In conclusion the Statistical Identifying Method of available sample copy number consistency variable region excessively relies on sequencing read number Variation, it is difficult to obtain have statistical significance detection effect;Sample size cannot be excessive, and computation complexity is higher, is unfavorable for examining Survey copy number consistency variable region in multisample.
Summary of the invention
The purpose of the present invention is to provide a kind of Statistical Identifying Methods of multisample copy number consistency variable region, it is intended to The Statistical Identifying Method for solving available sample copy number consistency variable region excessively relies on the variation of sequencing read number, it is difficult to obtain There must be the detection effect of statistical significance;Sample size cannot be excessive, and computation complexity is higher, is unfavorable for copying in detection multisample The problem of number consistency variable region.
The invention is realized in this way a kind of Statistical Identifying Method of multisample copy number consistency variable region, described The Statistical Identifying Method of multisample copy number consistency variable region is fitted to curve based on the coefficient of relationship in copy number site, with This calculates the derivative value in each site, by assuming that the method for inspection detects significant derivative value, so that it is determined that copy number breakpoint, builds Vertical copy number variation candidates region;Hypothesis is constructed by way of the random permutation CNVs on full-length genome and sample both direction Zero cloth is examined, copy number consistency variable region in multisample is detected.
Further, it needs to carry out the pretreatment to sequencing data file before the coefficient of relationship curve matching, it is specific to wrap It includes:
On the basis of comparing to sequencing data file, the read number in each site is calculated;According to sample read number mean value Regularization is carried out to read number, to obtain the read number signal being comparable between sample, calculation formula are as follows:
Wherein, mean_RCnWith mean_RC respectively refer to n-th of sample read number mean value and multiple sample read numbers it is equal Value, xnmRefer to the read number in n-th of sample, m-th of site, x'nmRefer to the read number after corresponding site is regular.

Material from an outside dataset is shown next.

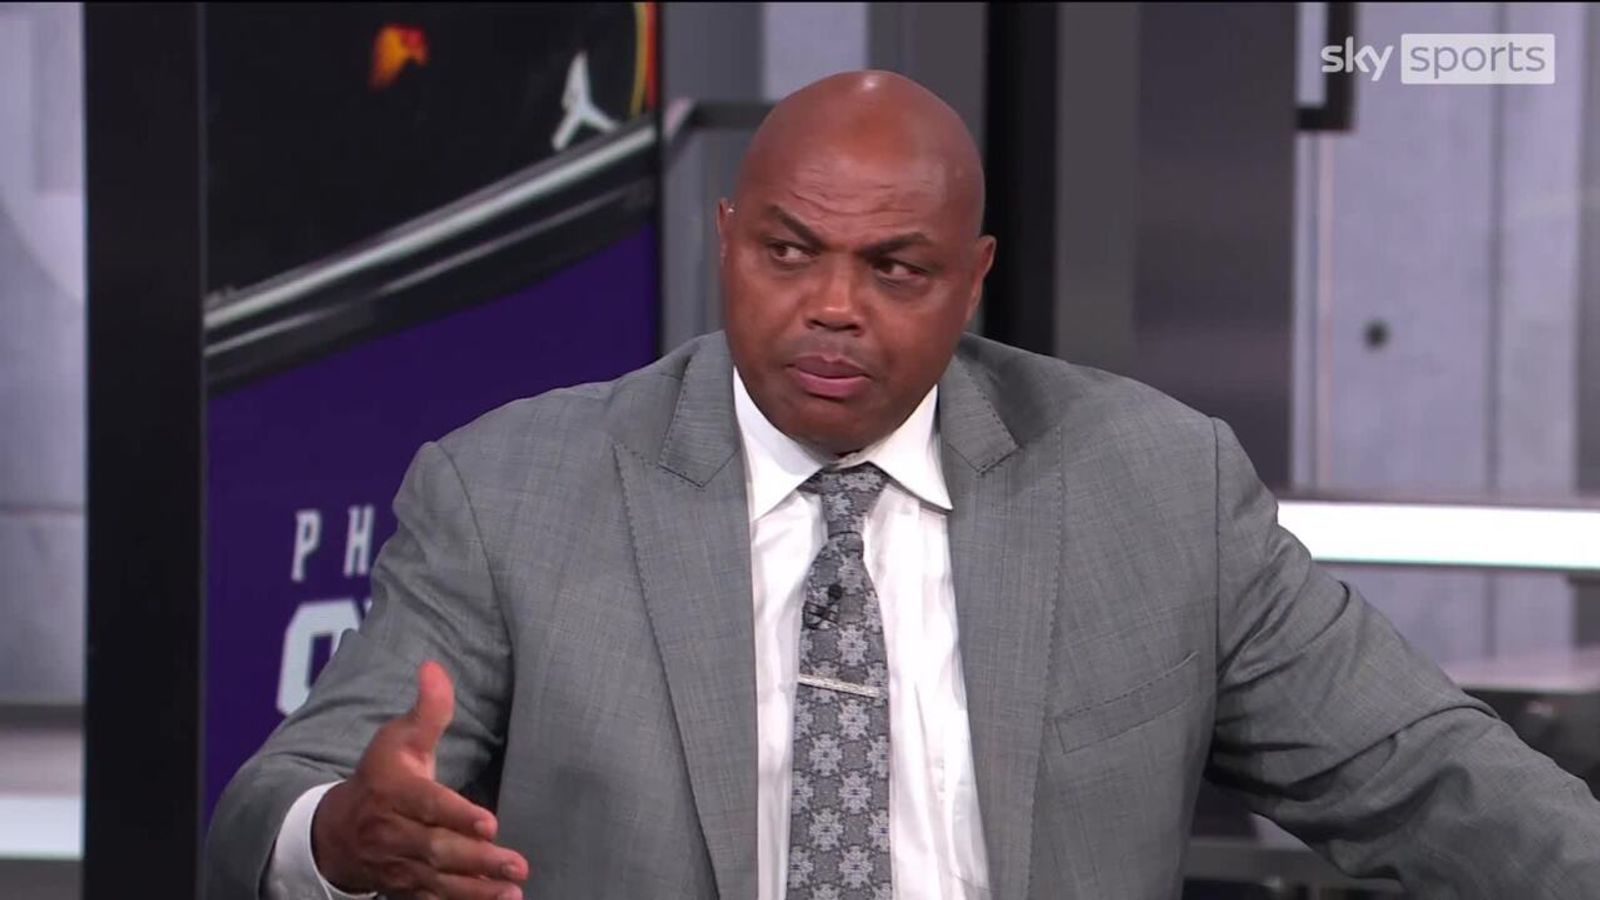 charles-barkley-klay-thompson-and-draymond-green-are-slipping-warriors-must-rely-on-young-guys

Further, isometric bins is defined, converts the read number as unit of bin for the read number of sample site, it is right The detection for copying number variation member will be carried out as unit of bin.
Further, indicate that a sample, each column indicate a bin based on a line every in preprocessed data matrix M, M;It adopts The coefficient of relationship between bins is calculated with Pearson correlation analysis method, and is fitted to curve, leading for each bin is solved with this Numerical value.

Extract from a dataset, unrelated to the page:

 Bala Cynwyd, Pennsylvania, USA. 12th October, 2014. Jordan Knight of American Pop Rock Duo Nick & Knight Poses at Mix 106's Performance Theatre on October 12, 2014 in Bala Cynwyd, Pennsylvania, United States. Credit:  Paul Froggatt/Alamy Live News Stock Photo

Further, using derivative value as background, hypothesis testing zero cloth is established, the derivative value of conspicuousness, conspicuousness are examined Mean that there are breakpoints in the position of the bin, obtain copy number variation candidates region.
Further, significant CNVs is detected using loop iteration process in copy number variation candidates region, specifically includes: passing through The candidate region random permutation CNV constructs hypothesis testing zero cloth in full-length genome, tests to the candidate region CNV, if hair The CNV of existing conspicuousness, just removes it from genome, reconfigures hypothesis testing zero cloth and examines CNV candidate regions again Domain, until not finding new CNVs.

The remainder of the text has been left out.